С первого взгляда Михаил понял, как жестоко поразил чердынцев вогульский приступ. Пусть не в обиду пермскому медведю будет сказано — вогульский приступ был, как страшное, заплесневелое рыло медведя-людоеда, которое вдруг выбило окошки запертой избы. Словно сердце схватили клещами. Словно бросили в ледяную иордань — долго не побарахтаешься. Но что делать? Если вогулы разорят и сожгут Чердынь — второй раз ей уже не подняться. Никто не пойдет жить на землю, которую слой за слоем складывает горький, бесславный пепел пожарищ.
Однажды на край рва к воротам Спасской башни подъехал всадник и кликнул князя. Вскоре Михаил поднялся на разбитый обход. Внизу его ждал Асыка.
— Хакан? — удивился Михаил.
Рынды князя, стражники на валах, вратари в бойницах замерли, навострив уши и ожидая, чего станут говорить князья.
— Михан, — негромко обратился Асыка.
Михаил вздрогнул. Михан — так звала его только Тиче. Значит, пока она жила у Асыки, Асыка с ее слов привык называть его так же, как она…
— Михан, — продолжил Асыка. — Выходи биться со мной как воин и князь: один на один.
— Я ранен, — просто возразил Михаил.
— Ты ранен оружием, а я — старостью. Выходи.
Михаил покачал головой.
— Нет, Асыка, я не выйду. Я слаб, чтобы убить тебя.
— Ты трус.
— Я боюсь, что моя гибель будет бессмысленной.

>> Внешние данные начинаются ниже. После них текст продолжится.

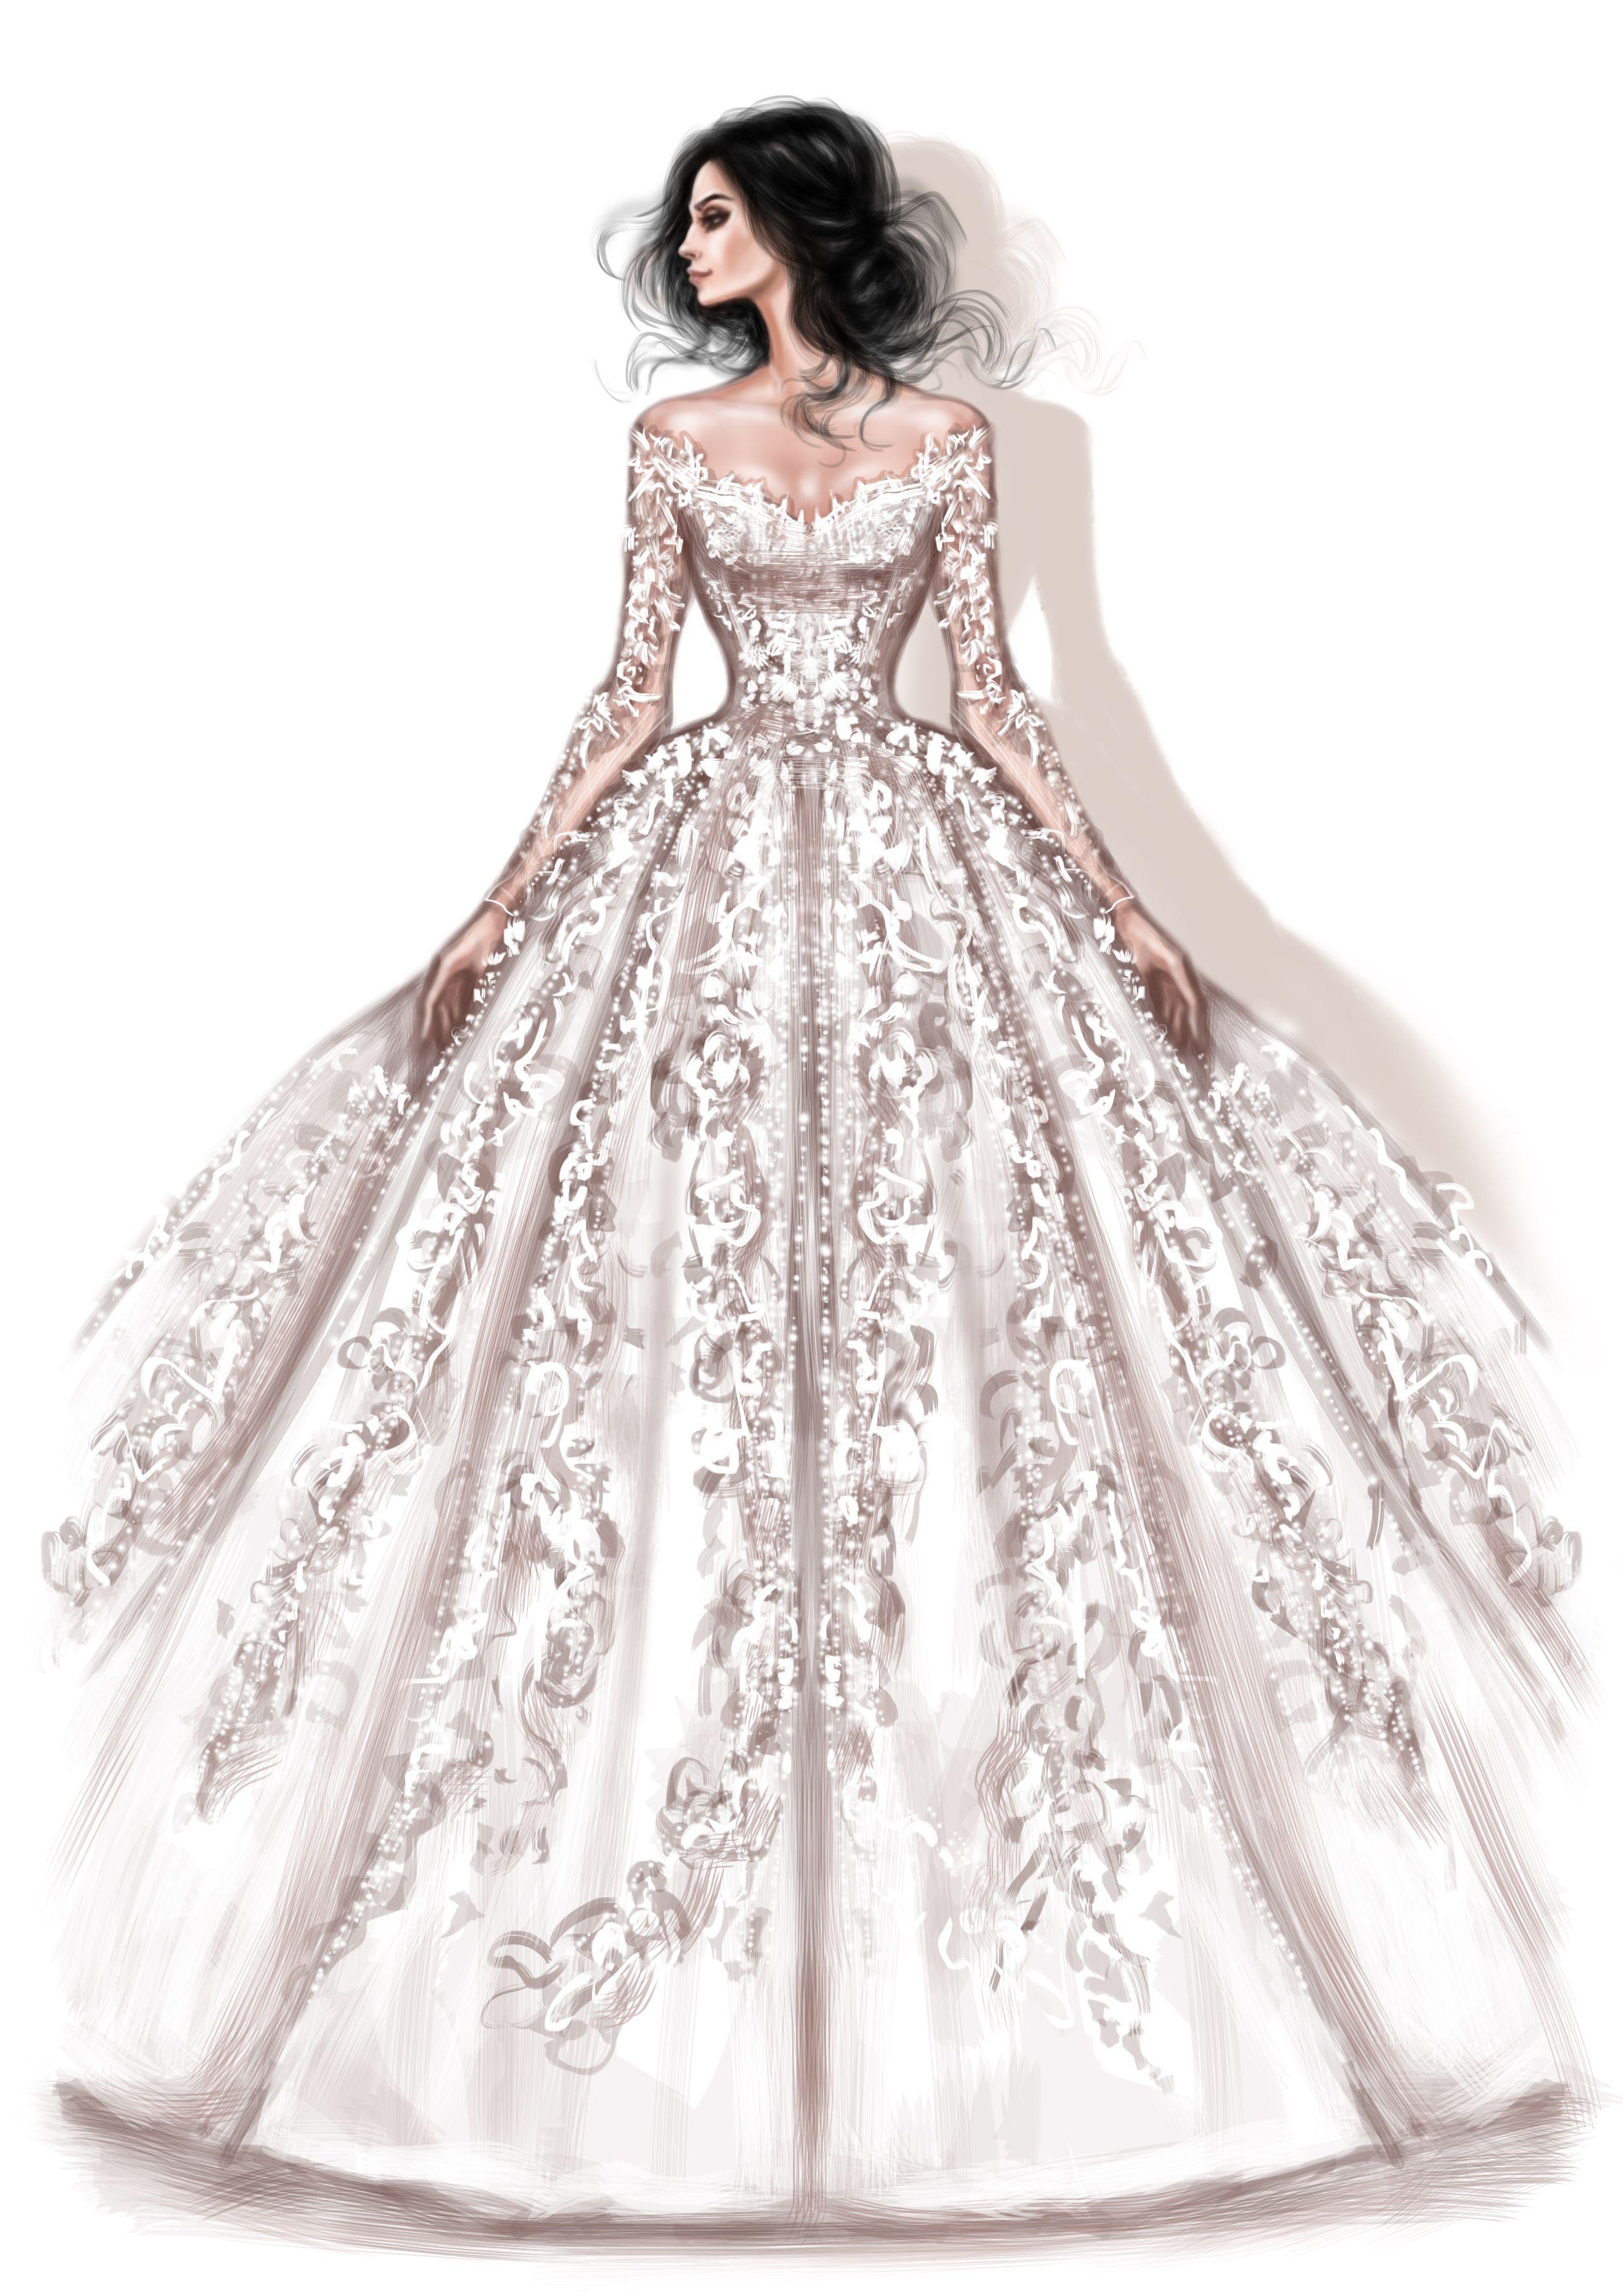 Beautiful Illustrations Of Rami Al Ali Bridal Collection Created By Shamekh Bluwi Il Fashion Illustration Dresses Dress Design Sketches Dress Design Drawing

— Нет, не бессмысленной. Если ты меня убьешь, манси уйдут сами. Но если я убью тебя, то я уведу их отсюда.
— Может, мне тогда попросту зарезаться? — усмехнулся Михаил.
Асыка молчал, не зная, как ответить на насмешку.
— Чего бы ни случилось с тобой или со мной, вогулы не уйдут, — сказал Михаил. — Тебе Чердынь не нужна, а им нужны золото и серебро, рухлядь, рыбий клык, Мамонтова кость и соль из чердынских амбаров, им нужны брони и шлемы, мечи и кони чердынских ратников. И без хабара они не уйдут. Ты это знаешь.
Асыка продолжал молчать. И Михаил пощадил его самолюбие — развернулся и первым пошел прочь.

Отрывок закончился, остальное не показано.